The process has been in use for quite some time in microscopy, with turnkey deconvolution systems available for over a decade. When I used some of the early systems, processing the image cubes would take a several hours on an SGI Octane workstation (turned out it also took several hours on a Cray X1 supercomputer - but the Cray could process a few dozen image stacks simultaneously, vs. just one at a time on the Octane).


----------



## macfly (Jun 22, 2011)

Fascinating idea, super fast viedo burst focus stacking. Look forward to seeing the reality in action.


----------



## dstppy (Jun 22, 2011)

Okay, so, um . . . this seems fairly doable with existing hardware, only technically requiring firmware and/or PC link no?

As far as I could see you could do the easy ones by hand (stills):
Get a tripod, a fast lens with super fast focus motor . . . start with a reference shot with very high DOF. Then, set your aperture where you want it, and take repeated shots either using different AF points, or even manually focus . . . merge.

Granted, the reality of this is a slippery slope with regard to hand holding, automation etc; you know, genuine usability. Honestly, I think most of this could be 'faked' with a current Canon models, at least to the extent that you would ever need/want it for a real world situation.

On the other hand, instead of merging these and making them online, it'd make a nice sequential image in a frame 

--EDIT-- 
I got to thinking about it even more and I think I get it, essentially they're talking about streaming sensor data 'realtime' (hah, no such thing, right?) and you can combine the fragments to 'fake' shutter speed, iso, no?

Another thought is if this is conceptually coming from a computer guy, I know where this is going . . . get as much data as possible and cherry pick the good ones . . . Maybe this is lobbying from the memory industry for bigger files


----------



## zerotiu (Jun 22, 2011)

it's like taking random pictures and then think what the POI later... and it's like raw file but let we choose the focus.
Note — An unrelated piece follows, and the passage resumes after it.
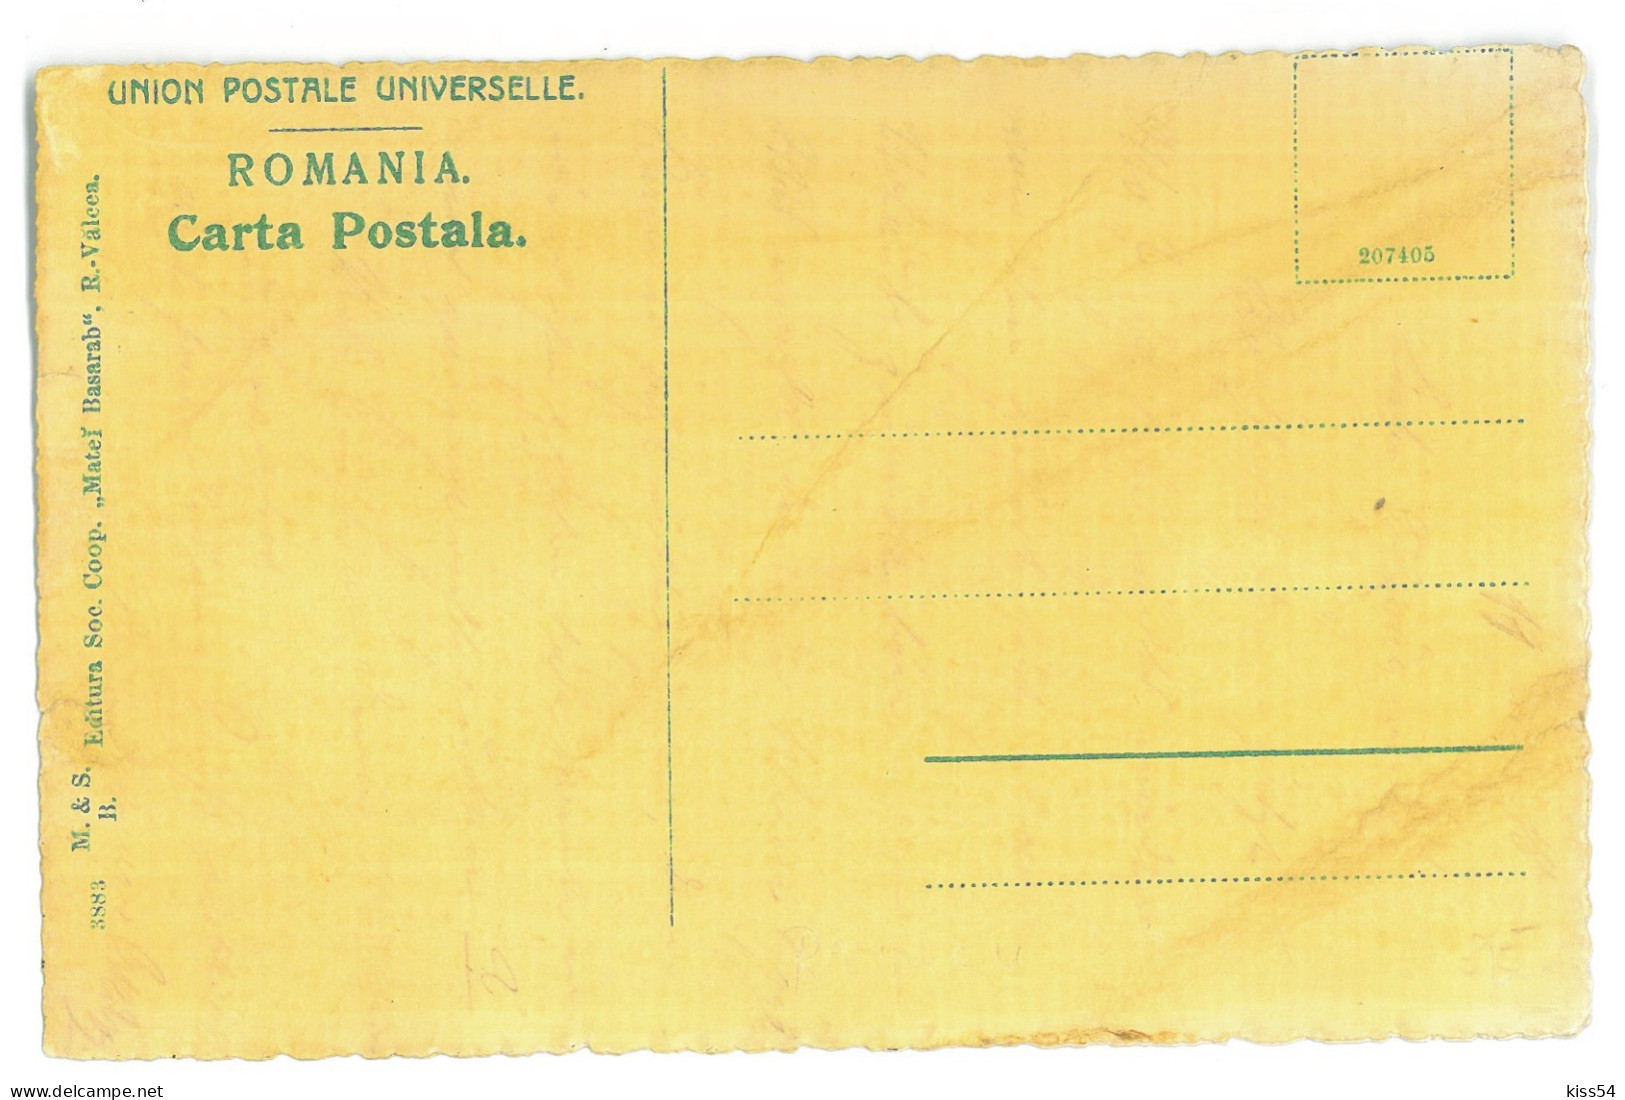 RO 79 - 22579 Rm. VALCEA, Lahovari High School, Romania - Old Postcard - Unused - Romania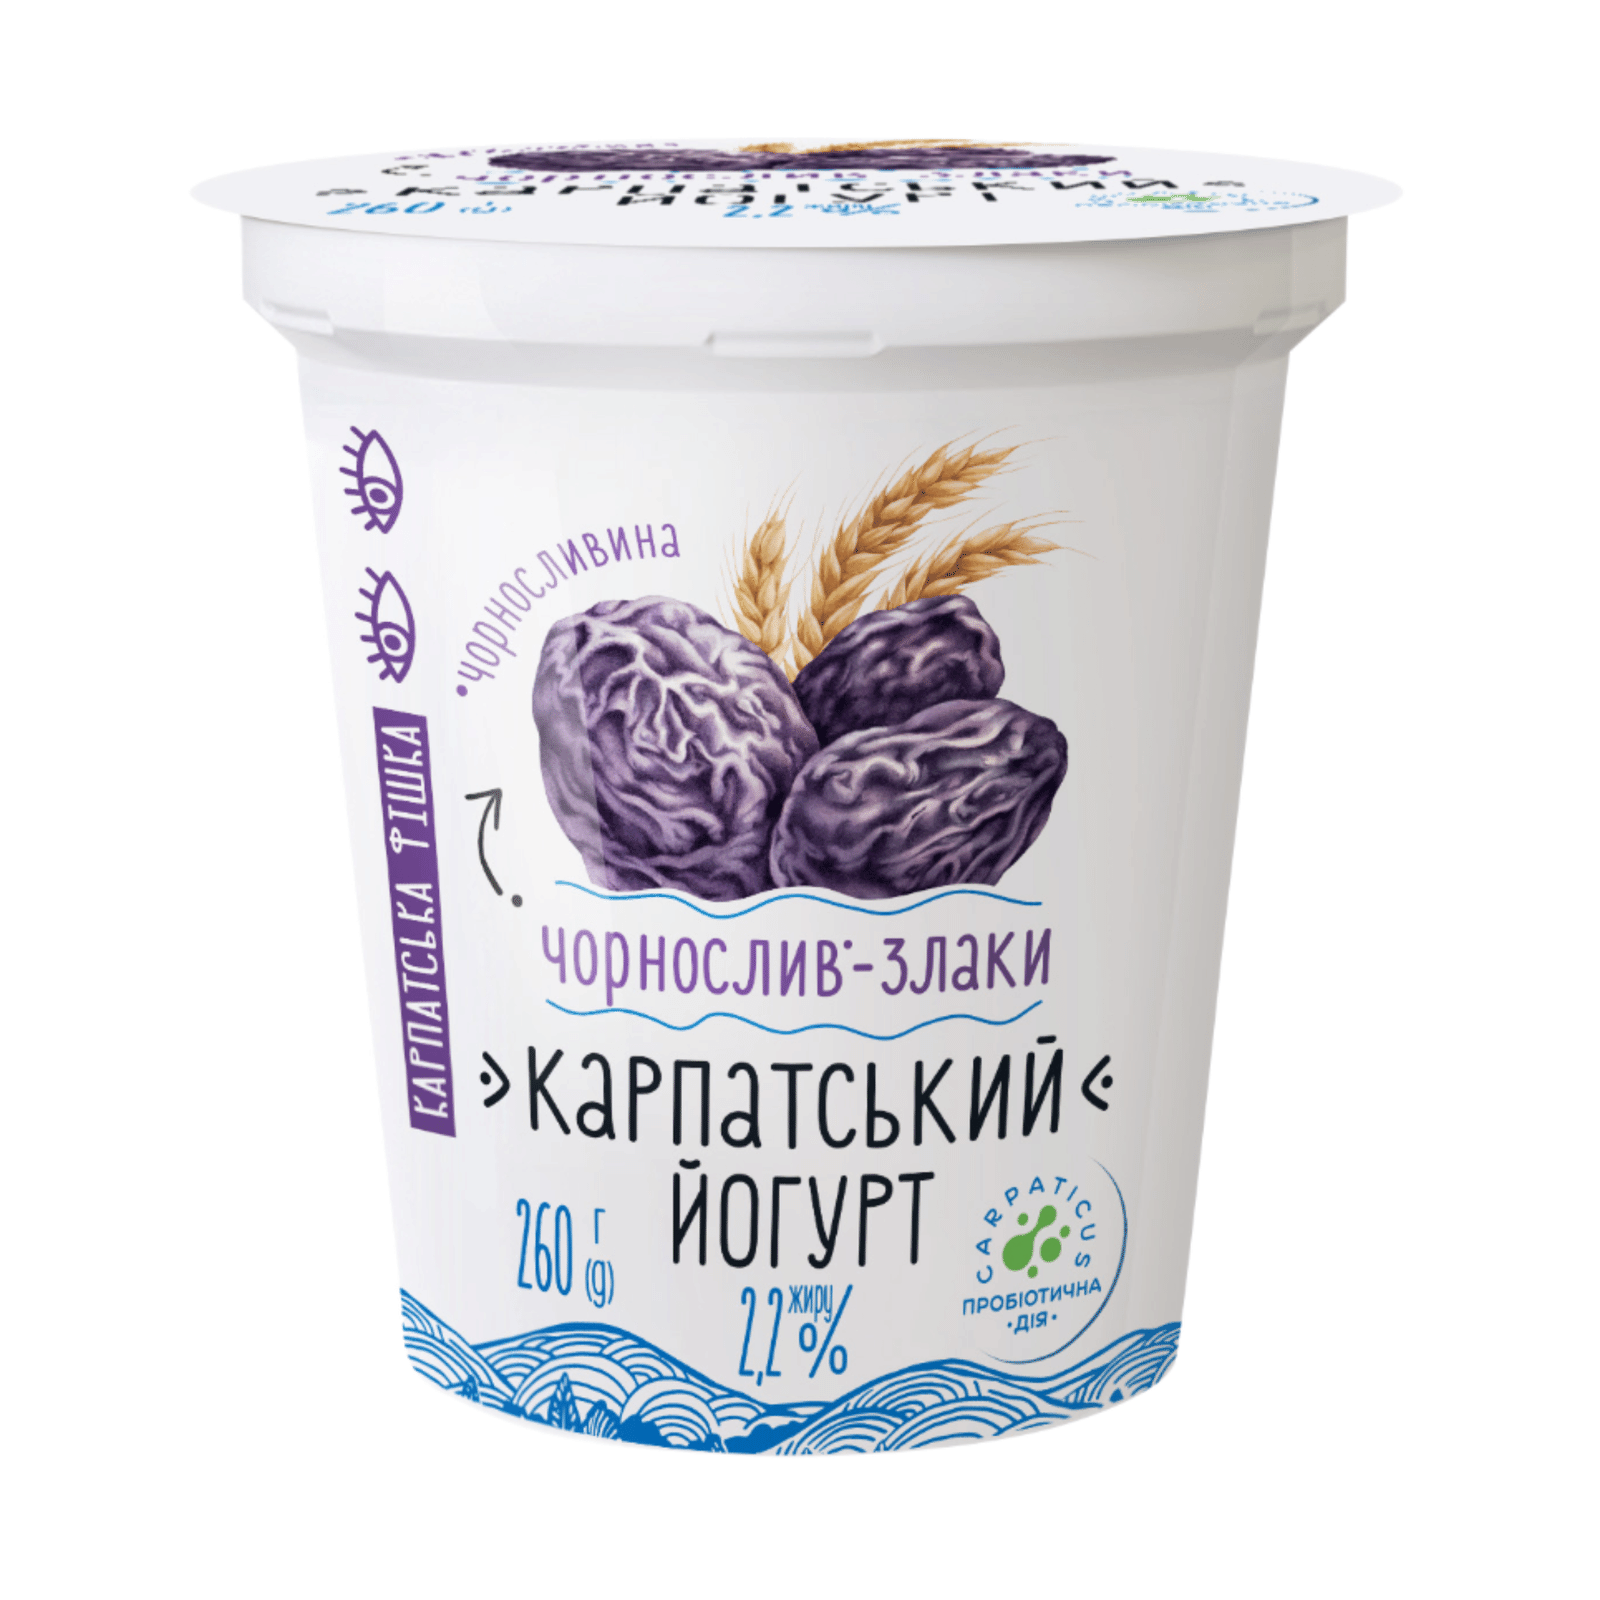 Йогурт «Галичина» чорнослив-злаки 2,2%, стакан - 1

I wonder how big is the file size..


----------



## Admin US West (Jun 22, 2011)

distant.star said:


> Fascinating concept. I have to wonder how real it can be in practical terms.
> 
> My best hope is that it throws Canon for a loop and makes them innovate.
> 
> ...



I wish them luck. this is not a new unknown technology, Adobe inroduced a plenoptic lens last fall, and I'm sure it is in R&D at other places as well.

http://mashable.com/2011/06/22/lytro/

http://en.wikipedia.org/wiki/Plenoptic_camera

I see lots of PR type stuff on the website, and not even one fact relating to resolution or processing. This should make a person suspicious.

It really reads like a advertisement for a company that is looking to get investors. The companyadvertises itself as a early start-up company, and its Its not uncommon for such companies to seek investors with deep pockets who gamble on making it big if the company is able to sell its self off to a big camera maker for a billion or two. 

They advertise a camera release this fall, but its probably going to be delayed, just like Red, its not as easy as college professors think to get a finished product out the door.

There are low resolution examples, likely processed by a super computer, so don't expect a miracle, there are many years to go. And, it still takes a lens in front of the micro lenses. 

Black silicone, anyone??


----------